If the computer is reasonably new, I have gotten media kits from the manufacturer.  So on a IBM Think Pad lap top that I the IT guy didn't burn the recovery disks and the hard drive failed at one month out of warranty way able to buy a media kit to restore the machine with.  It's worth the call.

Re: Certificate of Authenticity (COA) for Windows

06-25-2009 12:54 PM

Yes, Dave paints a much clearer picture than I did.

Re: Certificate of Authenticity (COA) for Windows

06-28-2009 7:00 PM

Thanks to all who replied.  That was very helpful!

Re: Certificate of Authenticity (COA) for Windows

07-01-2009 11:14 AM

Hello -

I administer the Community Microsoft Authorized Refurbishers program so for us this is a pretty common question. We certainly support your interest in finding appropriate software and licensing for the used computers. I'd like to refer you to a good, basic reference guide from Microsoft on this very topic, the Microsoft Windows OS Licensing Guide for Refurbished Personal Computers. It's just two pages and very practical. It can be downloaded here:

download.microsoft.com/.../Refurbished%20PC%20License%20Guide.pdf

Essentially, it says that for a legal transfer of license to occur, 2 elements are required: The license itself (COA), and the recovery media (or image on hard drive). My non-technical view would be that computers purchased with COA and without media, no longer have a valid license. The COA is then dead and you need to obtain a new license. Of course if Microsoft support is willing to respond positively to your inquiry, you're ahead of the game.
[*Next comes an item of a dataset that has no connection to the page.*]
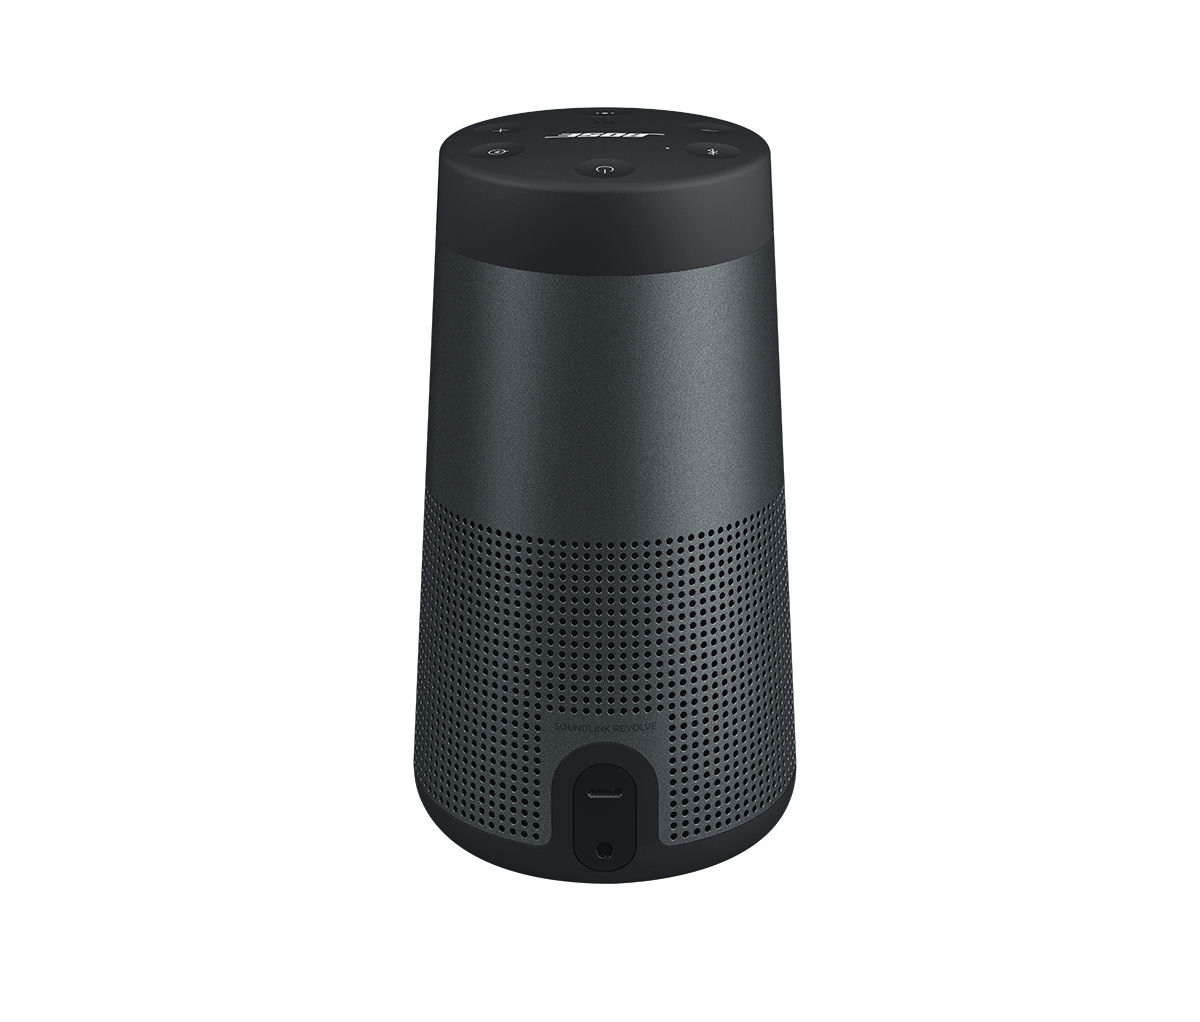 SoundLink Revolve Bluetooth speaker – Produkt-Support von Bose

But please review the Guide and determine how it applies for your situation.

Stephen Brown   -- Community MAR Americas Team

 

Re: Certificate of Authenticity (COA) for Windows

07-01-2009 11:18 AM

Sorry folks - I didn't notice that address got truncated. Just look up "microsoft used PC license guide" and you'll find it readily.

Stephen Brown

Re: Certificate of Authenticity (COA) for Windows

07-09-2009 12:03 PM

The guide is quite practical, however it is focused on refurbisher who's intent is to rebuild a computer to be resold or donated to another entity which requires that license and media accompany the sale of the used computer.

When the equipment is donated directly to the NPO we don't have the intermediary refurbisher. 

Now the guide references either media or a HD image to recover the computer.  In the NPO case if we are donated a computer with XP home with a COA and a HD image to recover,   the first step we take is to wipe the hard drive to ensure all previous owner's private data is erased and start with a clean install of the XP pro upgrade (as the one available here on TechSoup)  
 

This process eliminates the HD recovery partition.  As an IT director I do not want my users able to press F11 and restore the computer to the factory load of XP home after rebuilding the system to our XP Pro standards so the recovery partition is going to be removed in any case.

According to the refurbisher document I have now removed the two factor proof of the licensed base OS that qualified the computer to be upgraded to Xp pro via the TS product. even though the case still contains the COA for the base OS.

Presuming the refurbisher document applies to the NPO rebuilding the computers for internal use, this dictates we would have to buy a DCOS license in addi ton to the XP Pro upgrade license when we wiped the hard drive of the recovery partition as this would then make the computer without an OS

This doesn't make sense for an internal operation.  (It does make sense for a machine being resold, but then the Tech Soup donation or Charity License MS software doesn't apply either.